In 1972, Richard Driscoll, along with Keith Davis and Milton Lipetz, published results from a longitudinal study on relationships suggesting an underlying truth to such an idea. The results suggest that parental interference in a loving relationship may intensify the feelings of romantic love between members of the couple, at least for a brief span of time. The study interviewed 140 couples, both married and unmarried, via questionnaires and surveys. The researchers measured feelings about the spouse, about their perceived love, spousal trustworthiness, neediness, and parental interference. The couples completed these procedures at a first session and then, around six months to a year later, completed identical surveying sessions to see how their relationships have endured the past months. About 80% of the original participants completed the second session. Only a small portion of the original sample had ended their relationships or gotten divorced. In the results of the overall study, there was found to be an increase in love ratings for one's partner and parental interference.

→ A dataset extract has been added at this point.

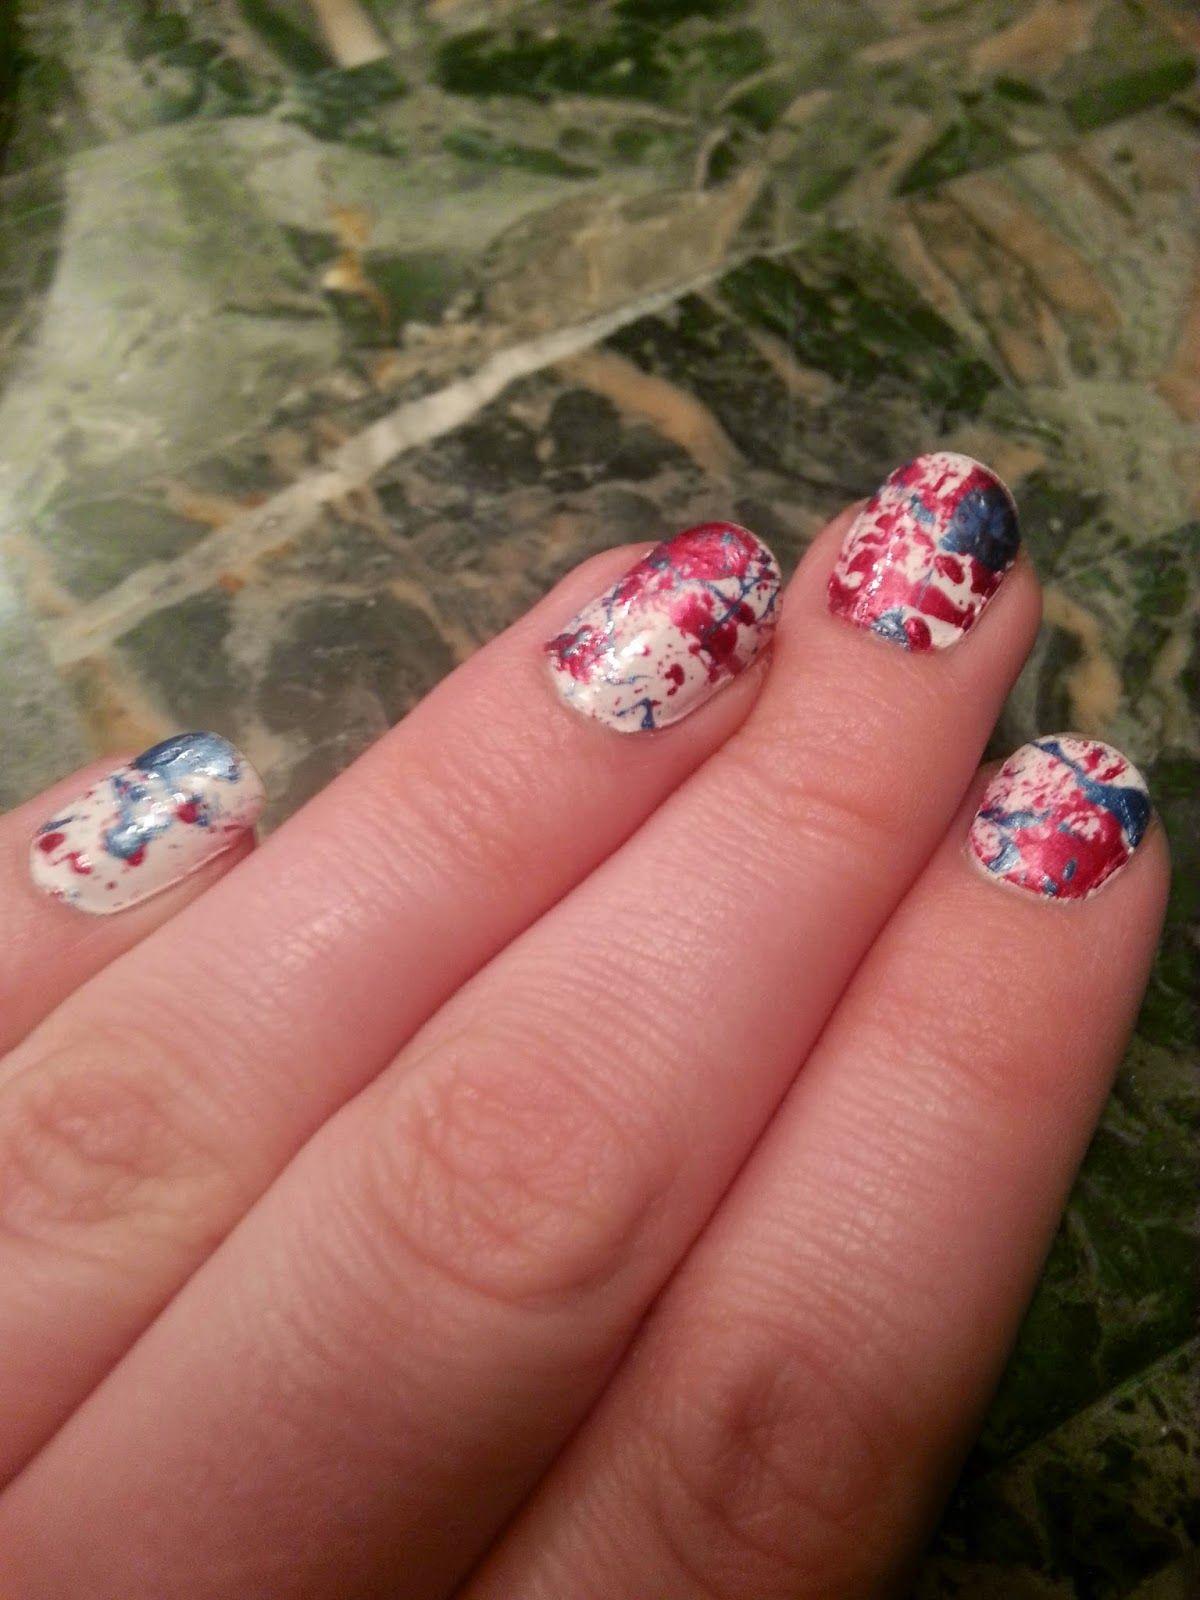 .: Patriotic Paint Splashed Nails DIY

Interference did seem to have other frustrating effects, as it also was associated with decreased trust, increased criticalness, and increased frequency of negative, bothersome behaviors.

Subsequent development
While Driscoll's study has not been replicated, researchers have continued to discuss parental influence on relationship stability.  

In 1983, Malcolm Parks conducted a study to determine influences of peers and families on relationship involvement, which showed little to no support of Driscoll's previous research. Opposition from the partner's family was not associated with greater emotional attachment. These findings set the path for many other studies on romantic involvement and support systems involvement and approval.

Contemporary research
In recent years, much focus has been placed around the topic of a "Romeo and Juliet Effect." In 2001, Diane Felmlee found similar findings to Malcolm Parks's study. For instance, perceptions of approval from an individual's friends and approval from a partner's family members reduce the possibility that a relationship will end. 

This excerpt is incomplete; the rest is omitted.